The news is shocking to Caroline largely because of the nature of Great Rock itself, which she — and so many other people — view as a land from another time, “a place where people leave their doors unlocked and you know every neighbor on your street.”

Jack currently has no suspects, but, ominously, Layla was last seen at the bar where Connor works.

There opens from this upending start a multifaceted novel that Ms. Cavanagh tells from the perspectives of multiple characters. Jack’s suspicions quickly settle on their friend Ian, although it seems inconceivable to everybody that he could be involved.

“It’s unbelievable that anyone could think Ian had something to do with this,” Connor’s friend Daisy thinks. “Ian is a grounding force in our household, filling it with his loud laugh and the smells of his cooking.”

As the book’s byzantine plot-twists begin to mount, the book’s title increasingly comes into play, but there’s a good deal going on here aside from the main plot. Although the use of multiple perspectives can be distracting, Ms. Cavanagh has crafted an intensely thought-provoking look at the complexities that lurk underneath the sunny exteriors of vacation spots like Great Rock. As the darkness of the murder steadily spreads throughout the community, it uncovers many other darknesses hidden in the back rooms of local businesses and the bedrooms of local friends.

One of those darknesses grows more prominent as details about both Layla and local restaurant owners — and especially Connor — come to light is the sad fact that the opioid crisis currently wreaking havoc all over the country has not spared offshore places like Great Rock. 

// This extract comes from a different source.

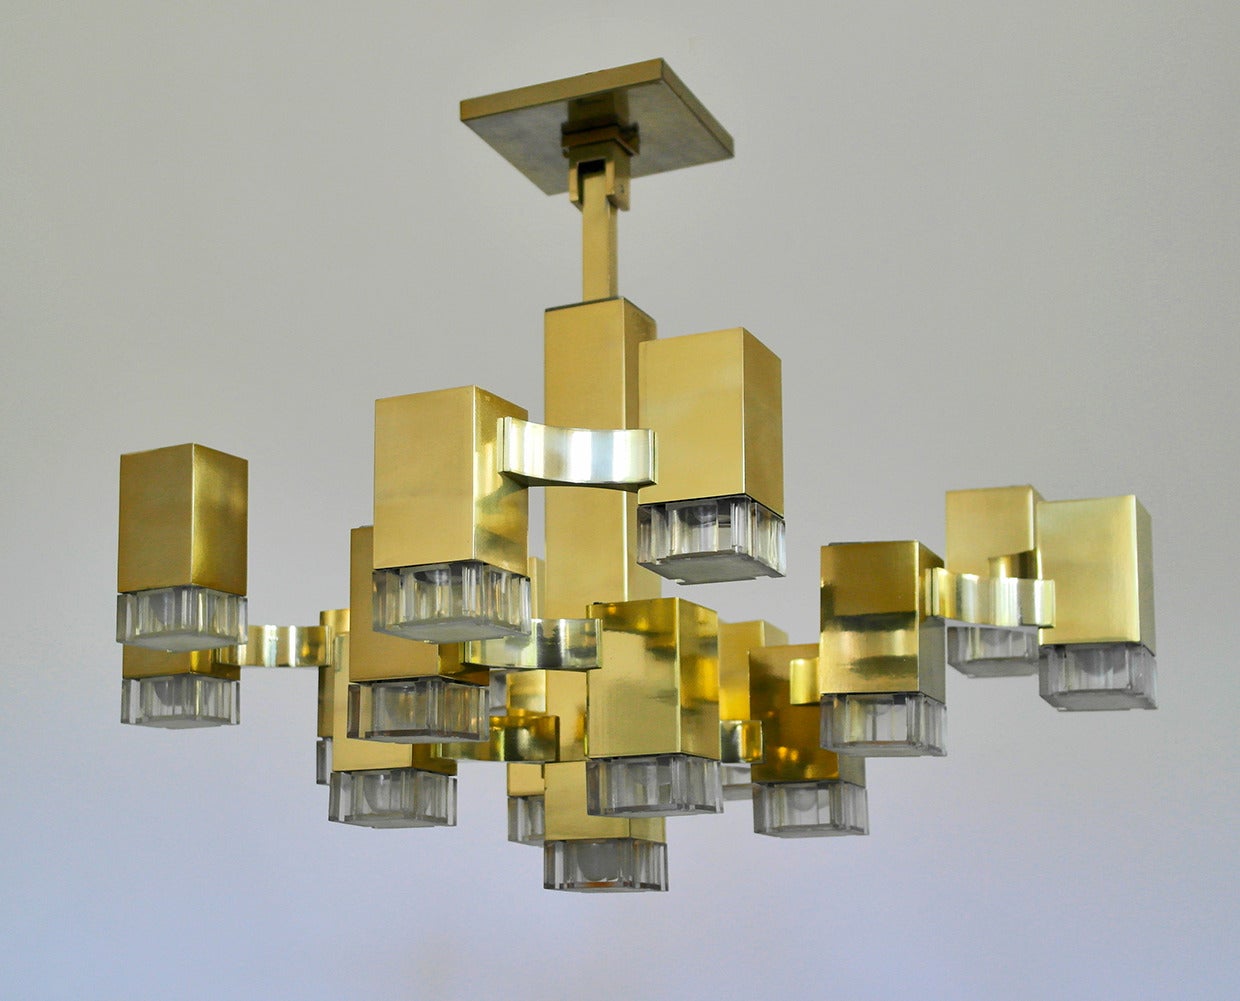 Brass and glass iconic cube design chandelier by Gaetano Sciolari - 3 pieces available.

Ms. Cavanagh adroitly peels away the layers of her characters — nobody escapes from this book unscathed — and this adds an appreciated psychological element to something that’s already an atmospheric murder mystery, and the appealingly human figure of Caroline Doherty grounds the whole thing. Readers of Everybody Lies will find themselves thinking about it the next time they take a vacation to a seemingly idyllic spot.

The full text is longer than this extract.